● **Information provided**

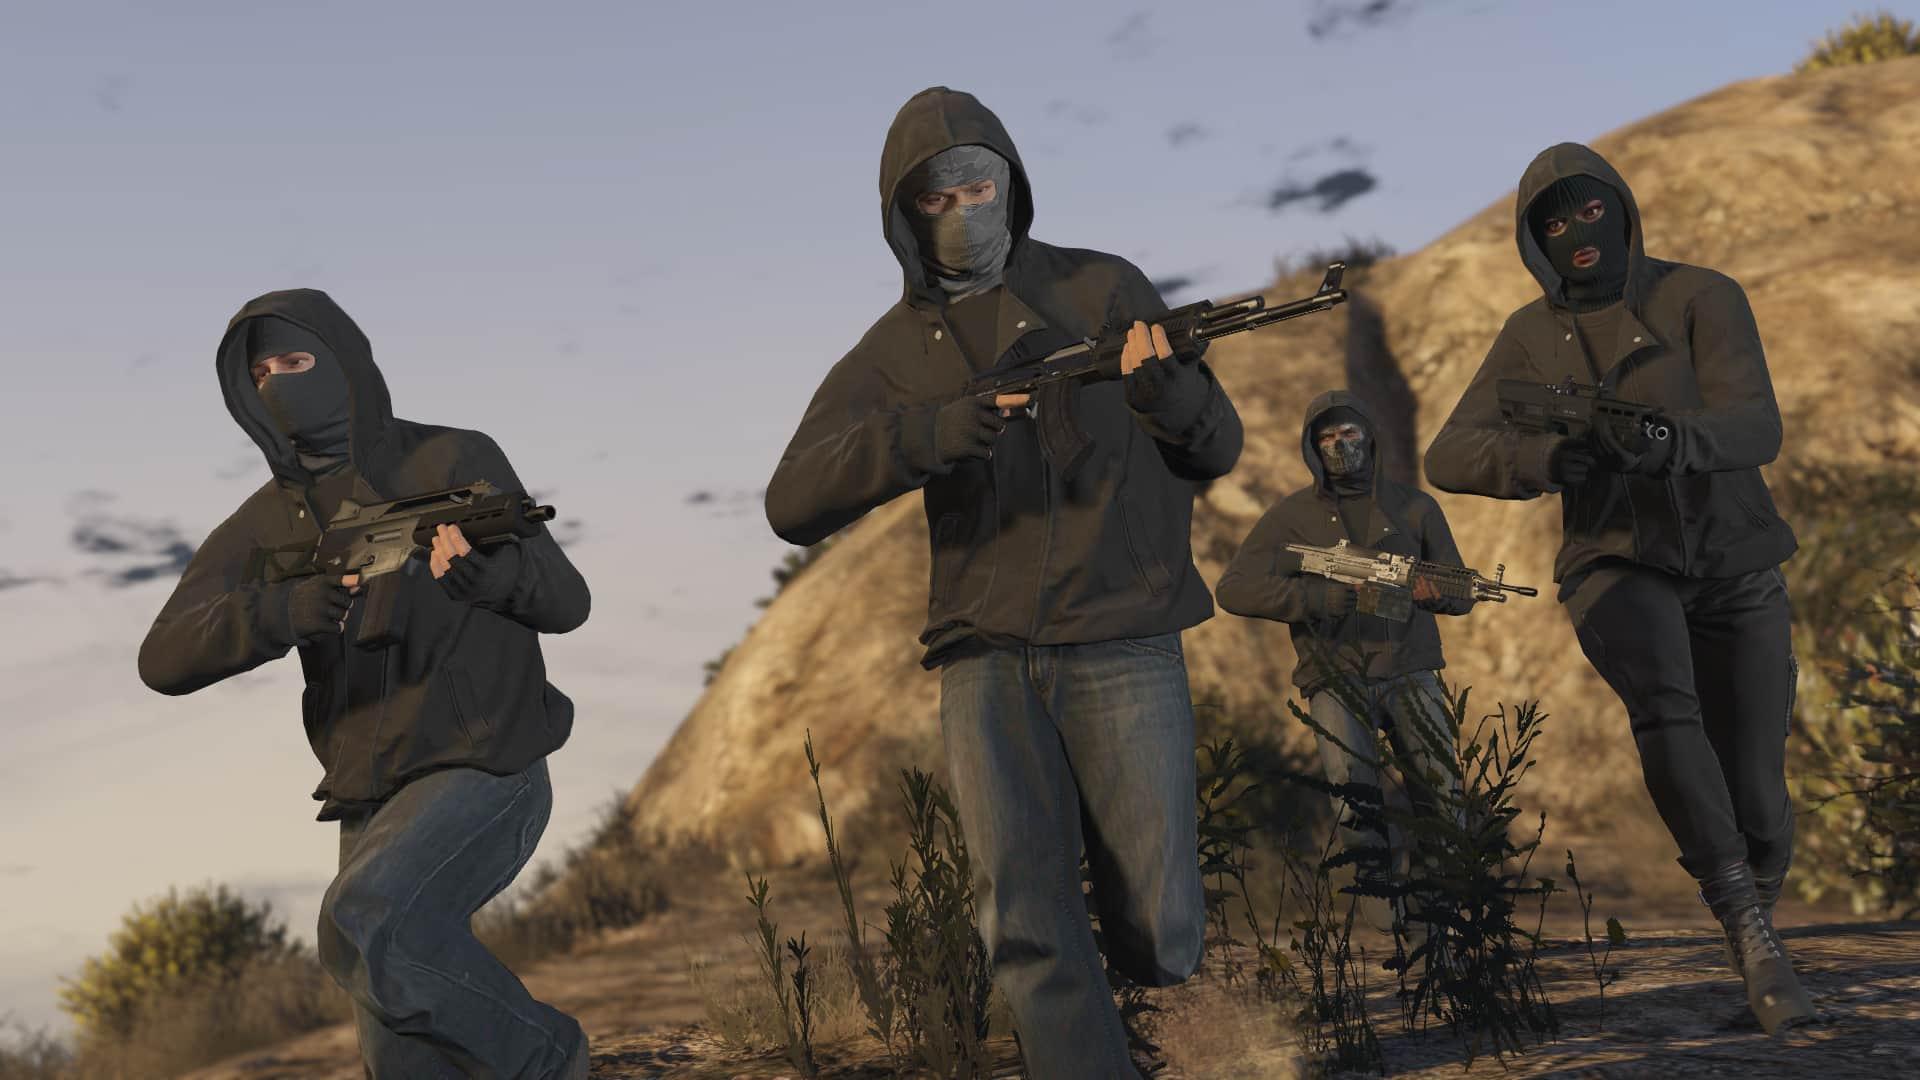 GTA-Online-heists-new-screenshot-1
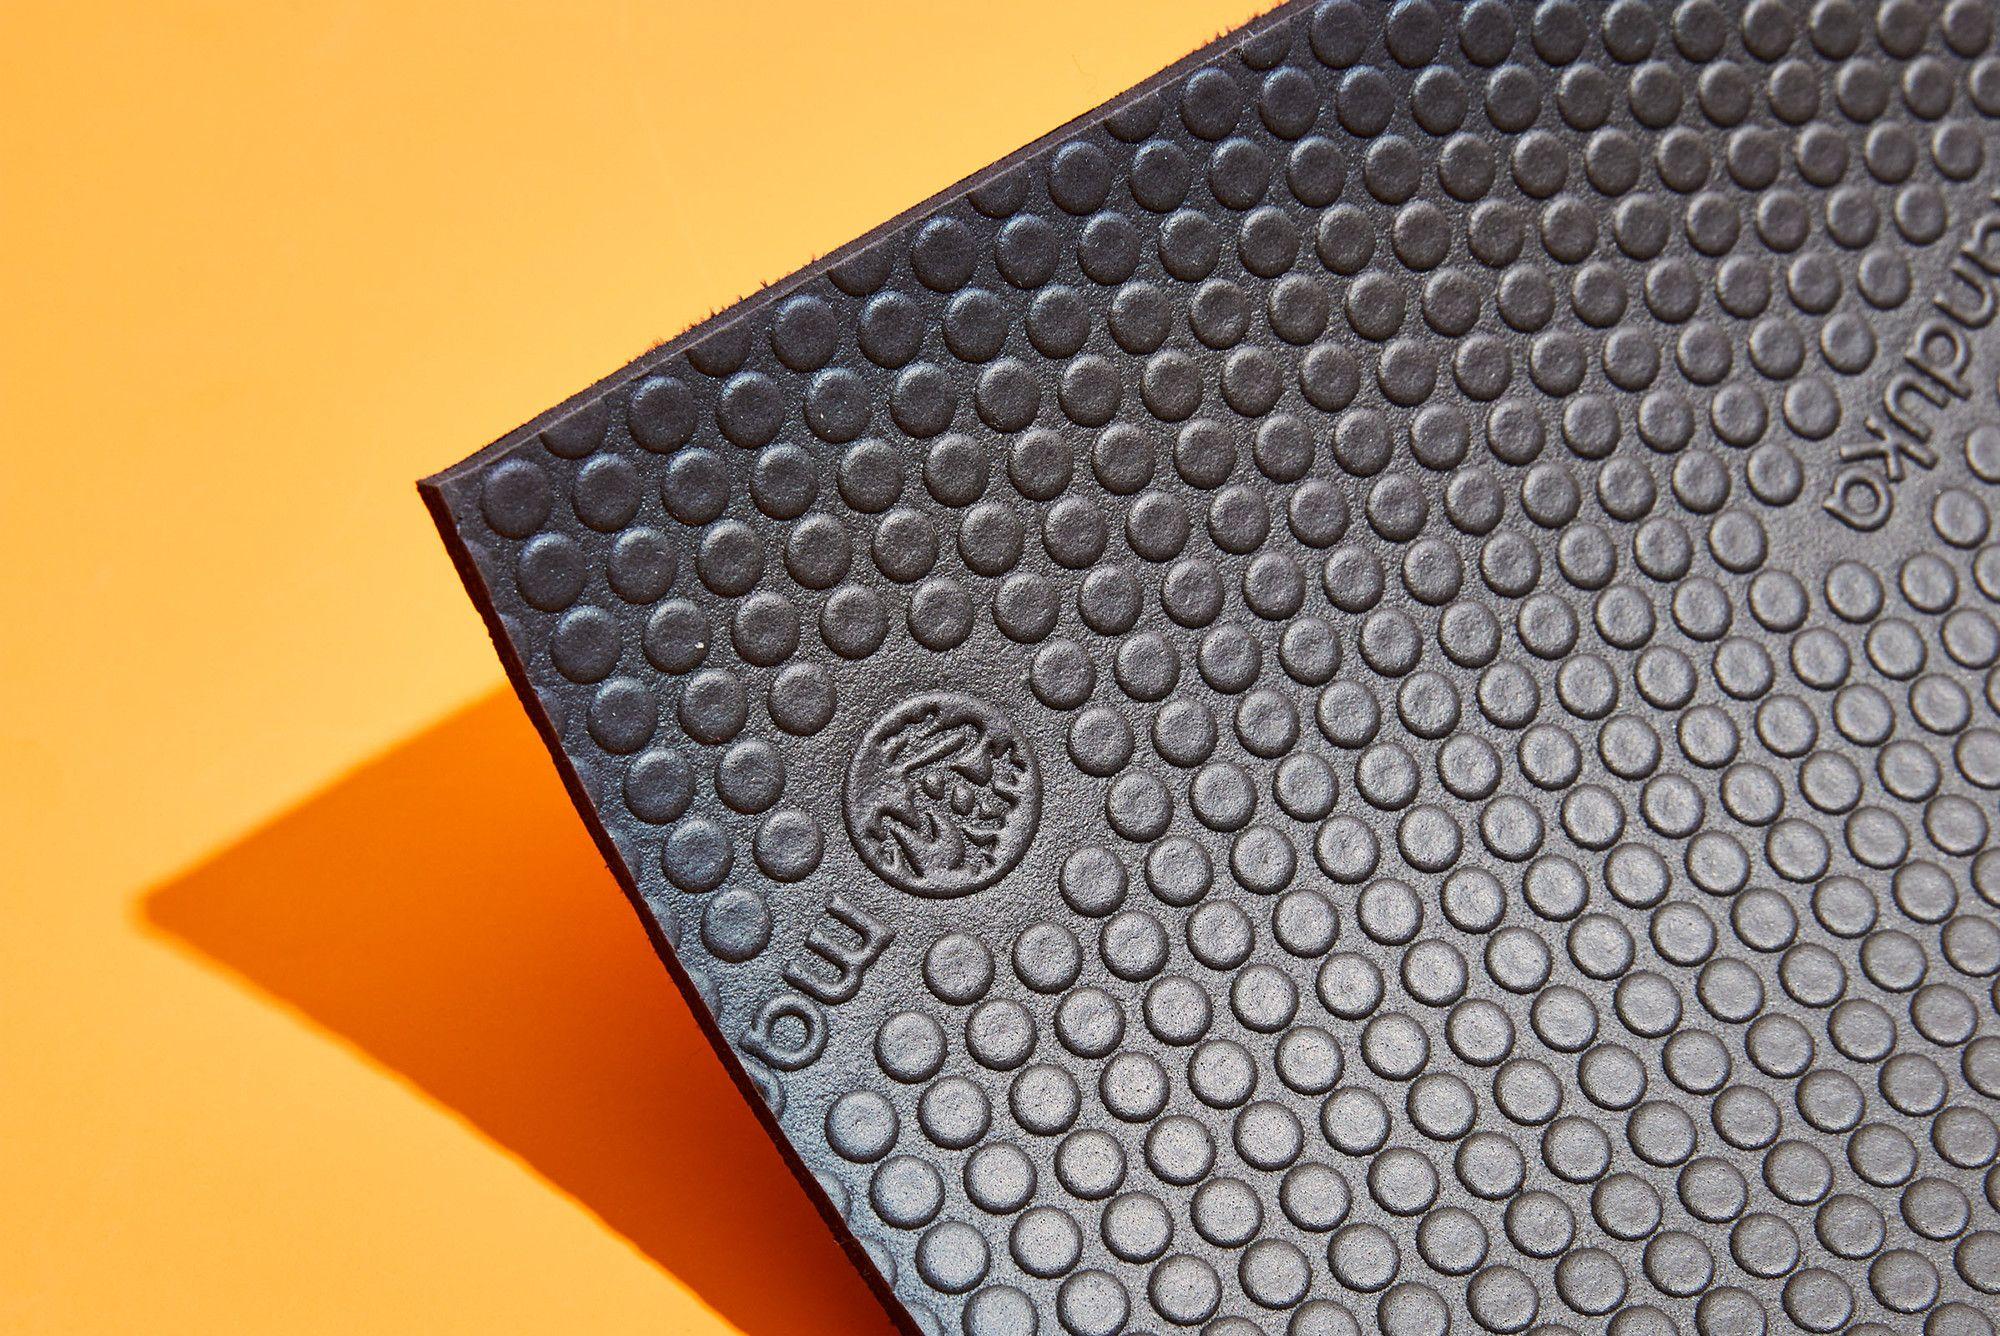 Best Hot Yoga Mat For Sweat Absorption Is Manduka Grp Mat
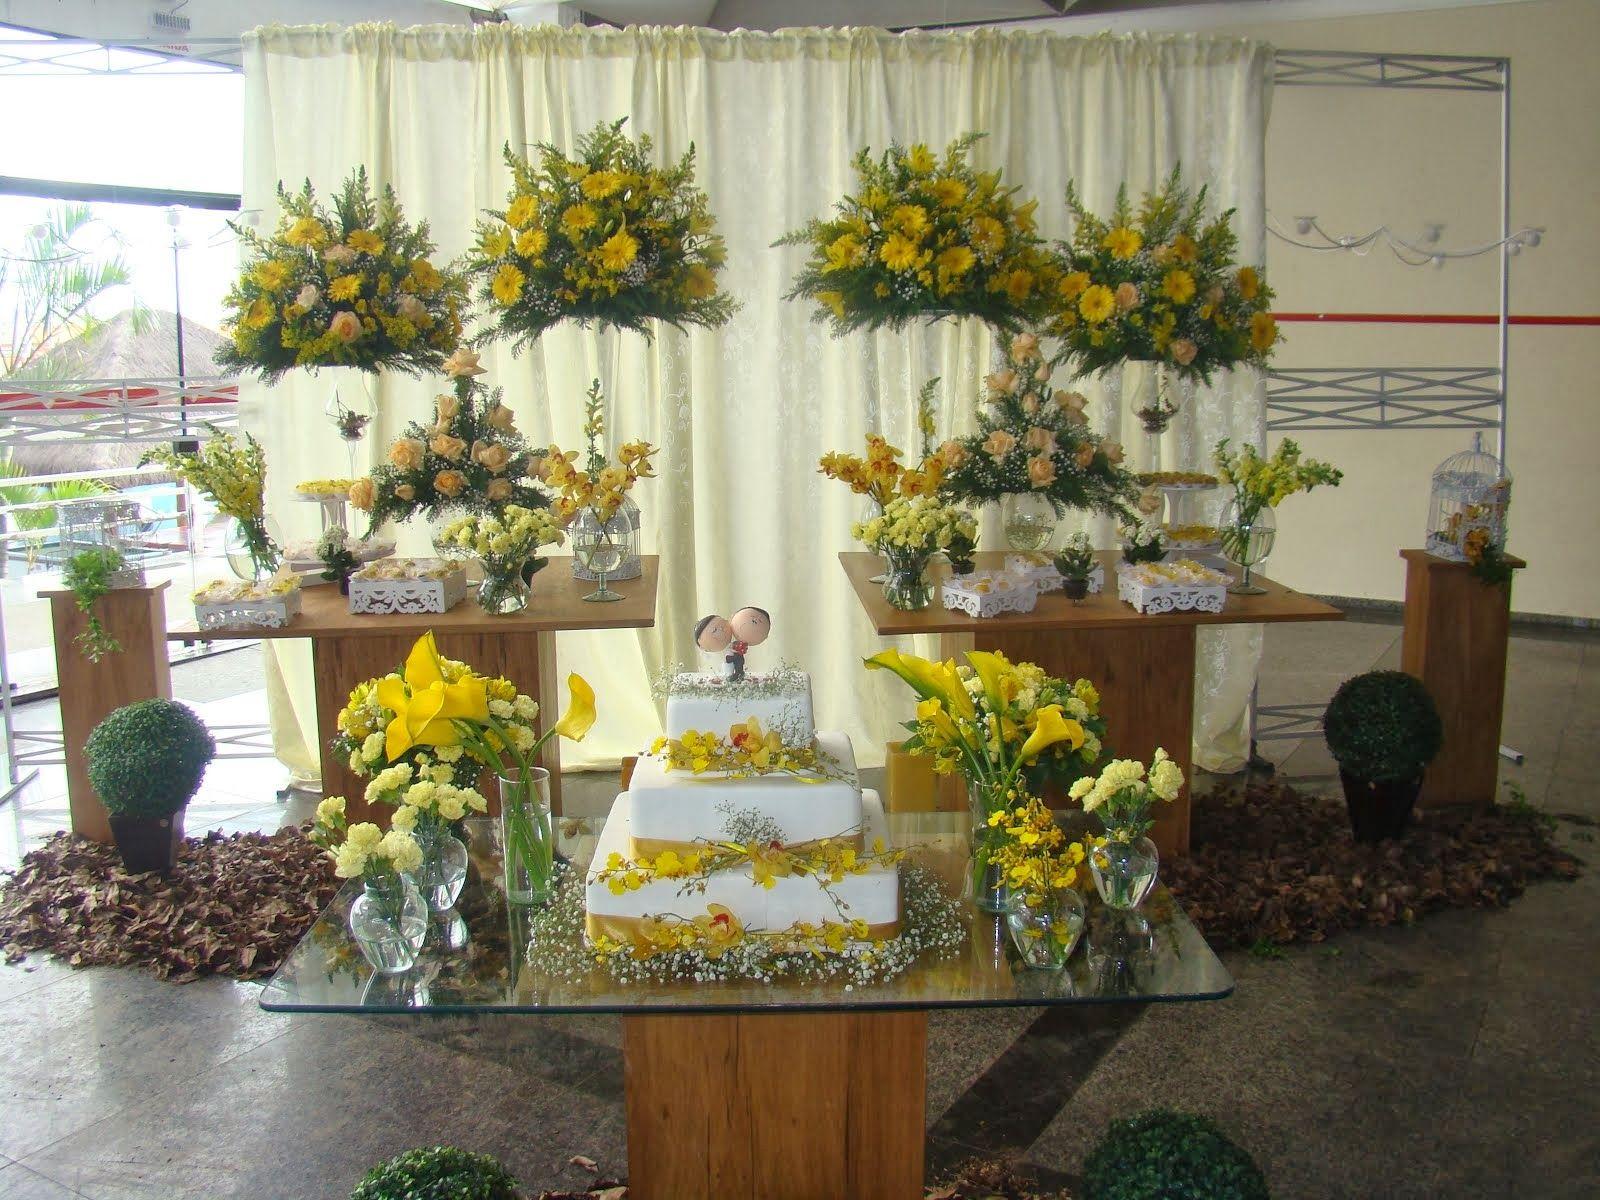 decoraç u00e3o com vidro amarelo e azul marinho Pesquisa Google inspiraç u00e3o e Ideias para  -> Decoracao Com Tampa De Vidro

● **Problem to solve**
Line by line, write out the data above exactly, without the pictures.

● **Completed task**
 GTA-Online-heists-new-screenshot-1
 Best Hot Yoga Mat For Sweat Absorption Is Manduka Grp Mat
 decoraç u00e3o com vidro amarelo e azul marinho Pesquisa Google inspiraç u00e3o e Ideias para  -> Decoracao Com Tampa De Vidro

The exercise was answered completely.